弊社でも学生向けに職場体験やインターンシップを開催していますし、連絡をもらえたら直接社員と話せる場も設けています。また、配送が出るまでの動きなど、仕事の流れを間近で見学することもできます。

僕は学生時代ずっとスポーツ一筋でした。就職する前は、そんなスポーツの世界から全く知らない業界に飛び込むことはとても勇気が必要でした。しかし飛び込んでみると自分の視野が広がり、これまで体験できなかったことを通じて見聞が広がりました。

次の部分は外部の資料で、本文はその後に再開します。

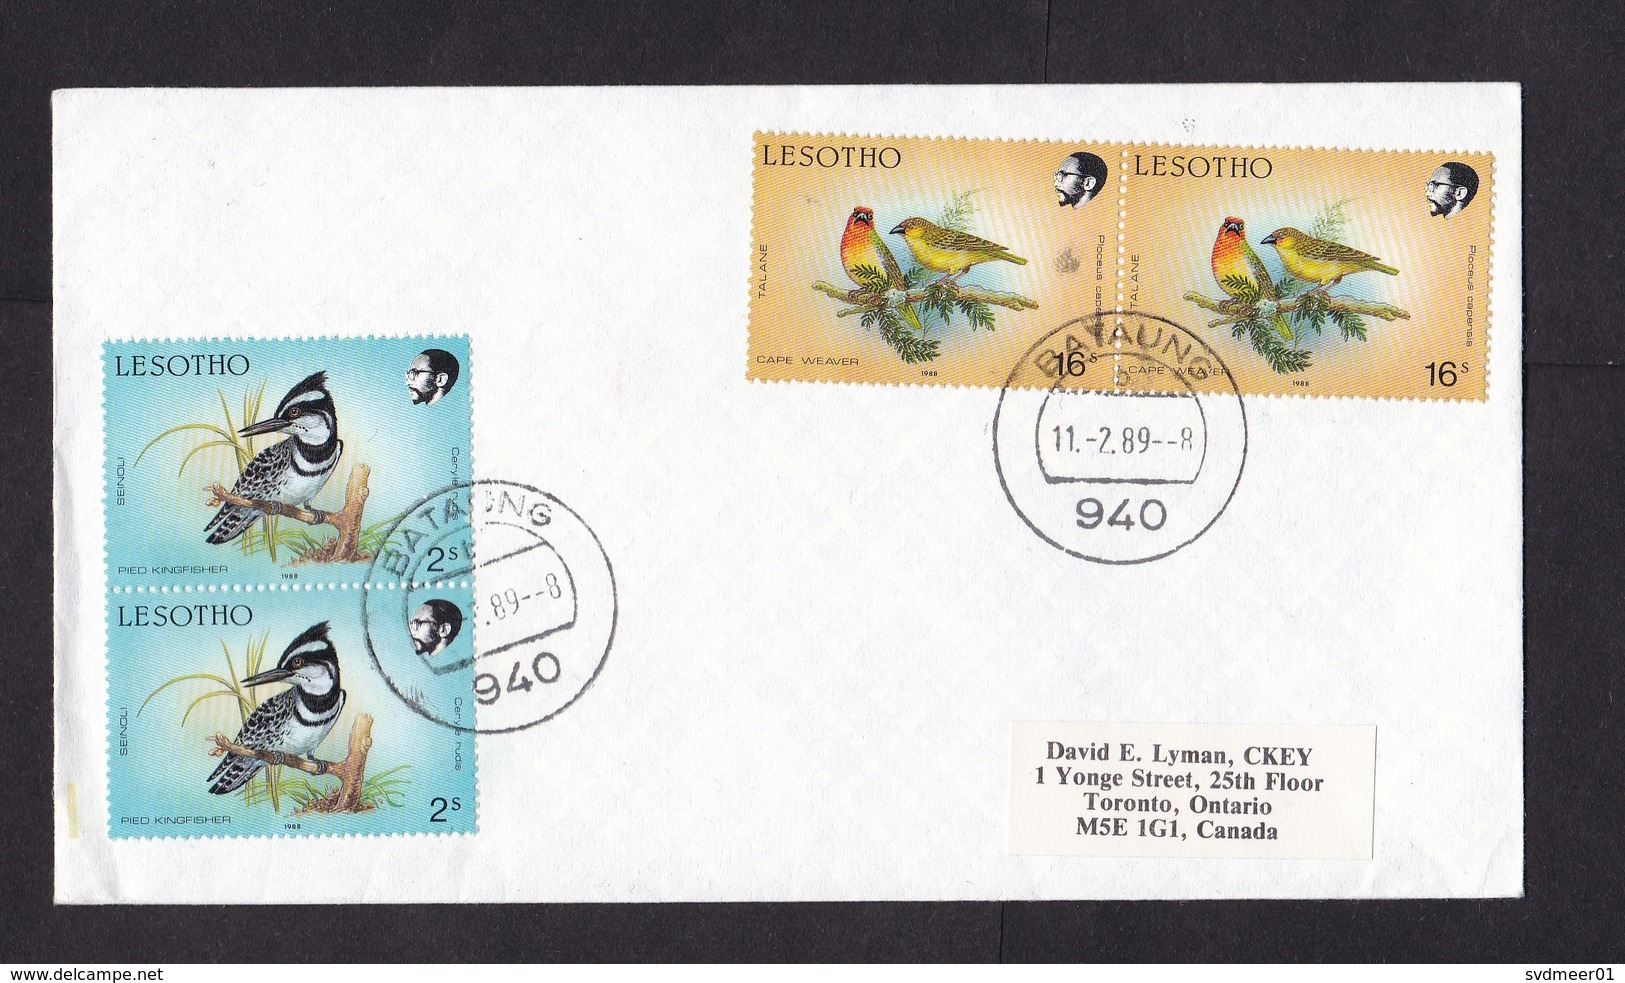 Lesotho: Cover To Canada, 1989, 4 Stamps, Bird, Kingfisher, Cancel Bataung, Rare Real Use (writing At Back) - Lesotho (1966-...)
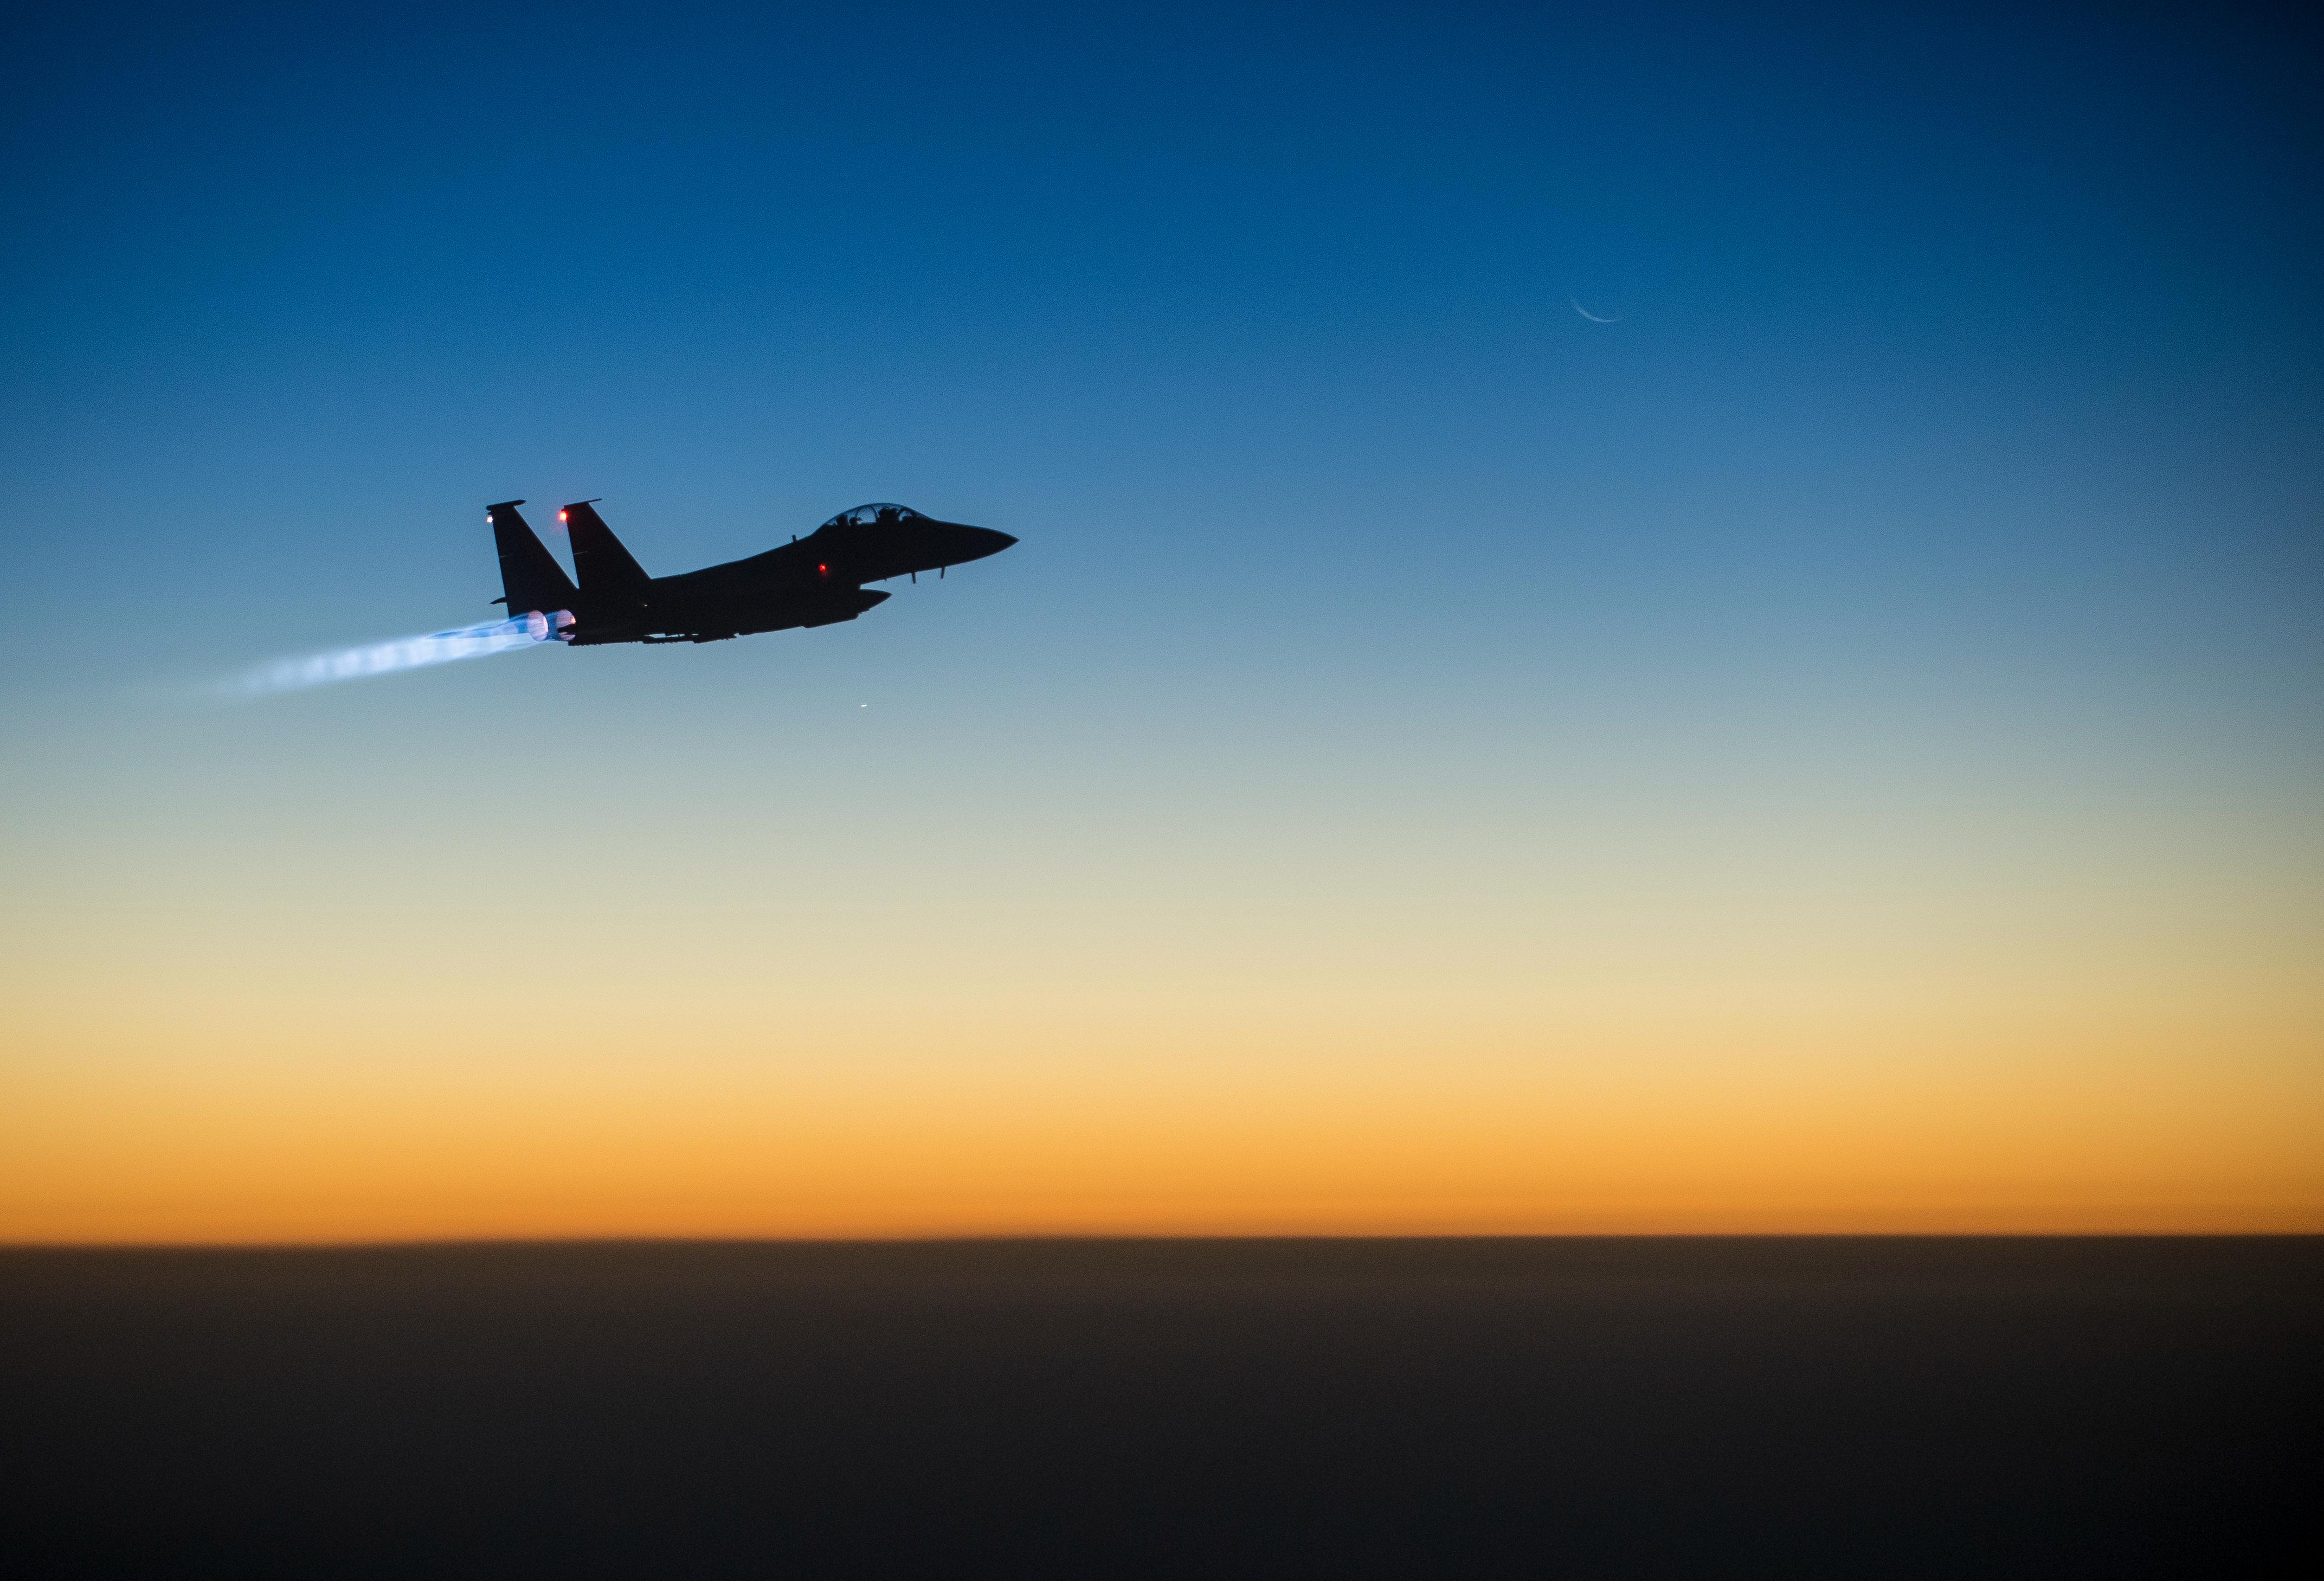 A U.S. Air Force F-15E Strike Eagle flies over northern Iraq early in the morning of Sept. 23, 2014, after conducting airstrikes in Syria. This F-15 was a part of a large coalition strike package that was the first to strike ISIL targets in Syria. (U.S. Air Force photo by Senior Airman Matthew Bruch/Released)

学生の皆さんも、少しでも興味がある世界があるなら、ぜひ一度思い切り飛び込んでみて下さい。企業や仕事内容を考えるとき「自分には合わないだろう」と決めつけてはいけません。行動を起こすことで、気が付くことや見えてくる世界があると思います。

ライター 名護 大輝さん:

大城さん、ありがとうございました!僕も学生ライターとして社会人の方に取材して、記事にまとめるたびに、その人の考え方や生き方から多くのことを学ばせて頂いております。それも勇気を出して、トポセシアさんの学生ライター募集に応募したからだと思っています。 「興味のあることには勇気をもって飛び込んでみる」そこから繋がることや気づくことがある。学生の背中を押す力強い一言だと思いました!